People assume that we launched our cloth sanitary products because single use products aren’t environmentally sustainable. Of course, that’s part of the reason. But there’s something else that motivates us. And that’s period poverty.
Period poverty means that every month girls miss school because they cannot afford to buy sanitary products. It means mothers taking days off work so that they can menstruate at home and give their pads to their daughters. It means teachers buying tampons to give to their pupils. It means women and girls using rags and toilet roll.
Period poverty isn’t restricted to ‘poor’ countries. It’s happening in Britain, right now.
The reason reusable nappies are becoming more ‘normal’ is because new parents are finally beginning to know about them - they’re being talked about in the media, and families know other parents who use them.
The same change in awareness is needed for reusable and cloth sanitary products (CSP). Women, parents, foodbanks, and teachers who spend their own money to support their pupils, need to know that there is another option. Having children rely on hand-outs from their teachers isn’t sustainable. It’s degrading, and it’s a temporary fix. It doesn’t solve the problem.

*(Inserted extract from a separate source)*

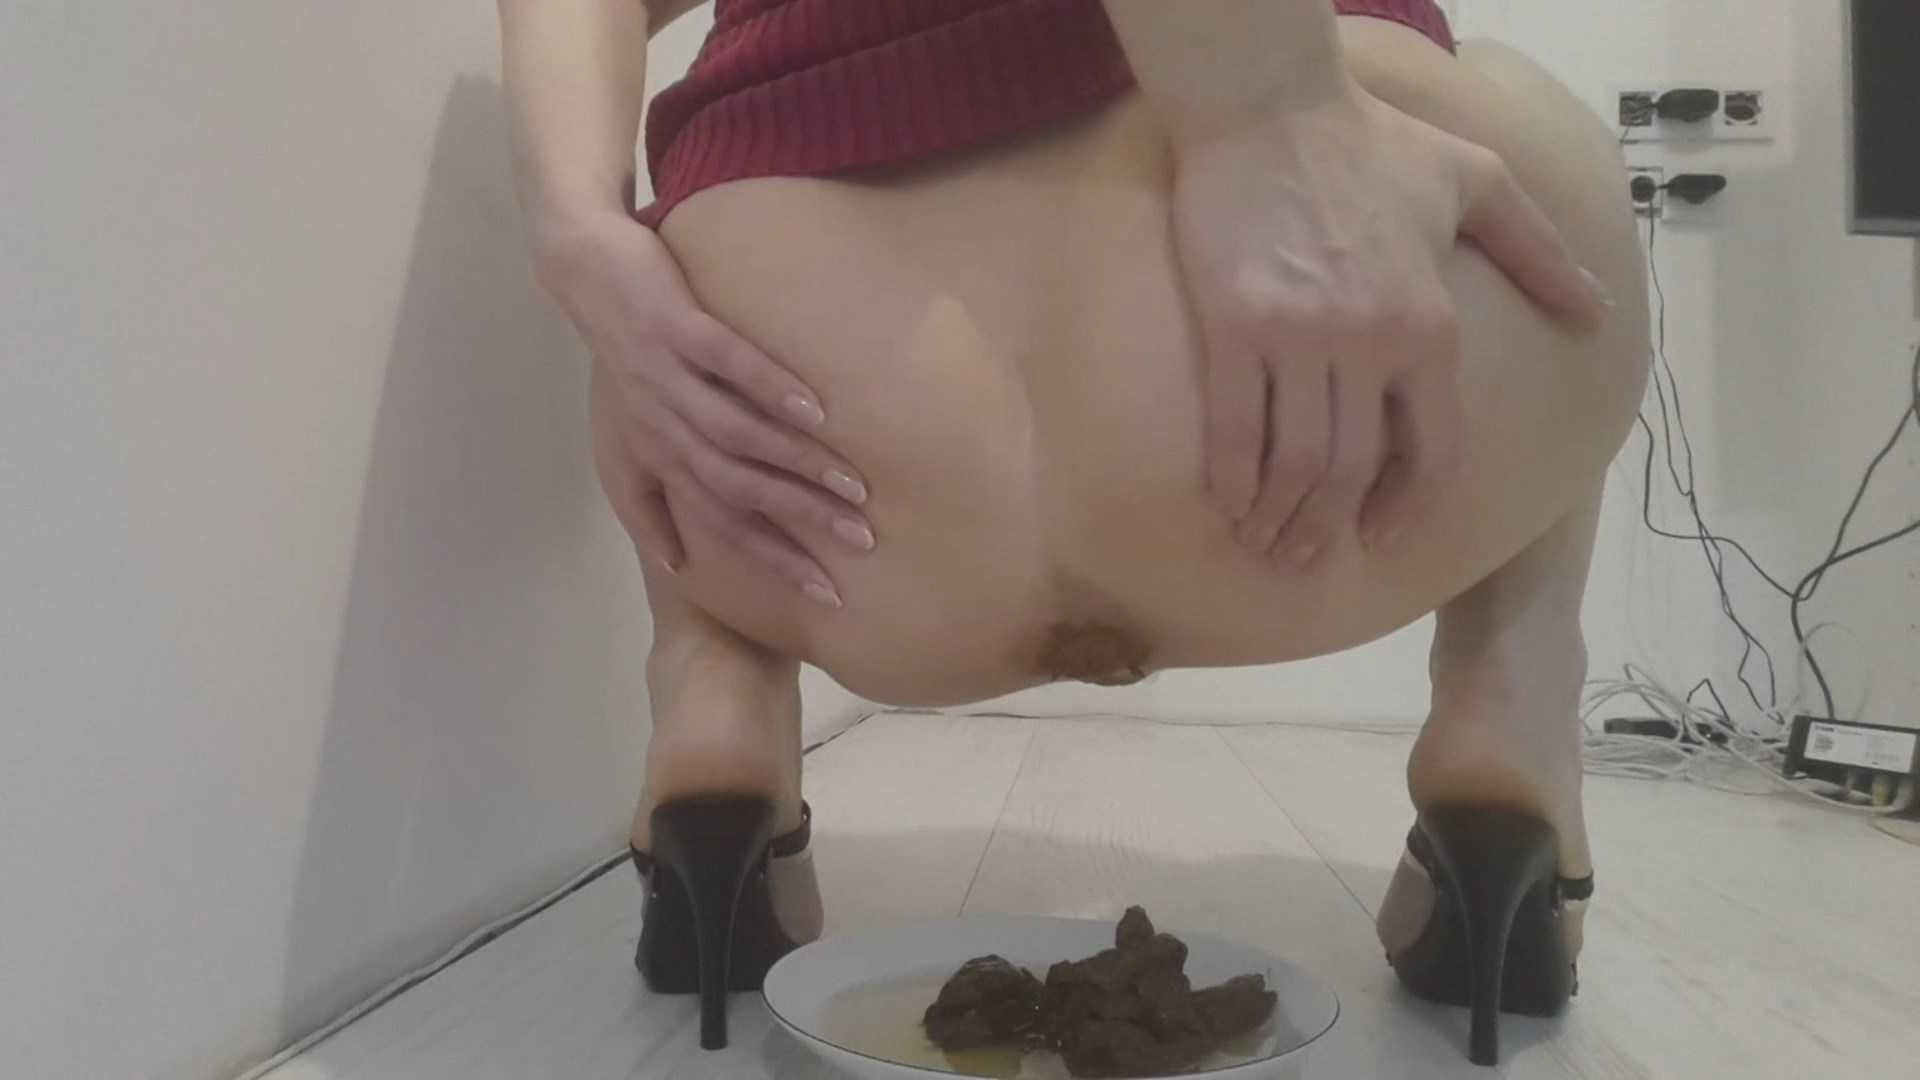 Fucks dsi video girl pooping

The average woman spends £18,000 on her single-use periods. Reusable products offer a long-term, economically sustainable solution. But more people need to know about them. More people need to know that they are ‘normal’, that they are easy to wash, and that they’re hygienic.
Girls are taught from an early age that periods are something to be hidden - adverts for menstrual products show 'small' and 'discreet' as essential features, reminding us to be secretive. Few women talk openly about menstruation - we may know the details of our friends’ post-birth haemorrhoids and drunken holiday liaisons, but the chances are we don’t have a clue about what they use during their period.
So we need to be getting reusable products out there. Because period poverty isn’t OK.
Oh, and in case you were wondering. Each of the 32 million women in the UK uses about 11,000 tampons in her lifetime, which are full of plastic and pulp. That means they’re manufactured using energy-intensive, dirty industrial processes; used for a few hours; and then sent to landfill where they’ll stay for hundreds of years. Yeah, we really don’t think that’s OK either.
1 comment
Hi, I definitely recommend, my baby has 3 months now and she is using the reusable nappies so I thought why am I not doing the same, so I decided to buy reusable pads and also the menstrual cup for first days! My grandmother used reusable pads and now I will use too thats the future!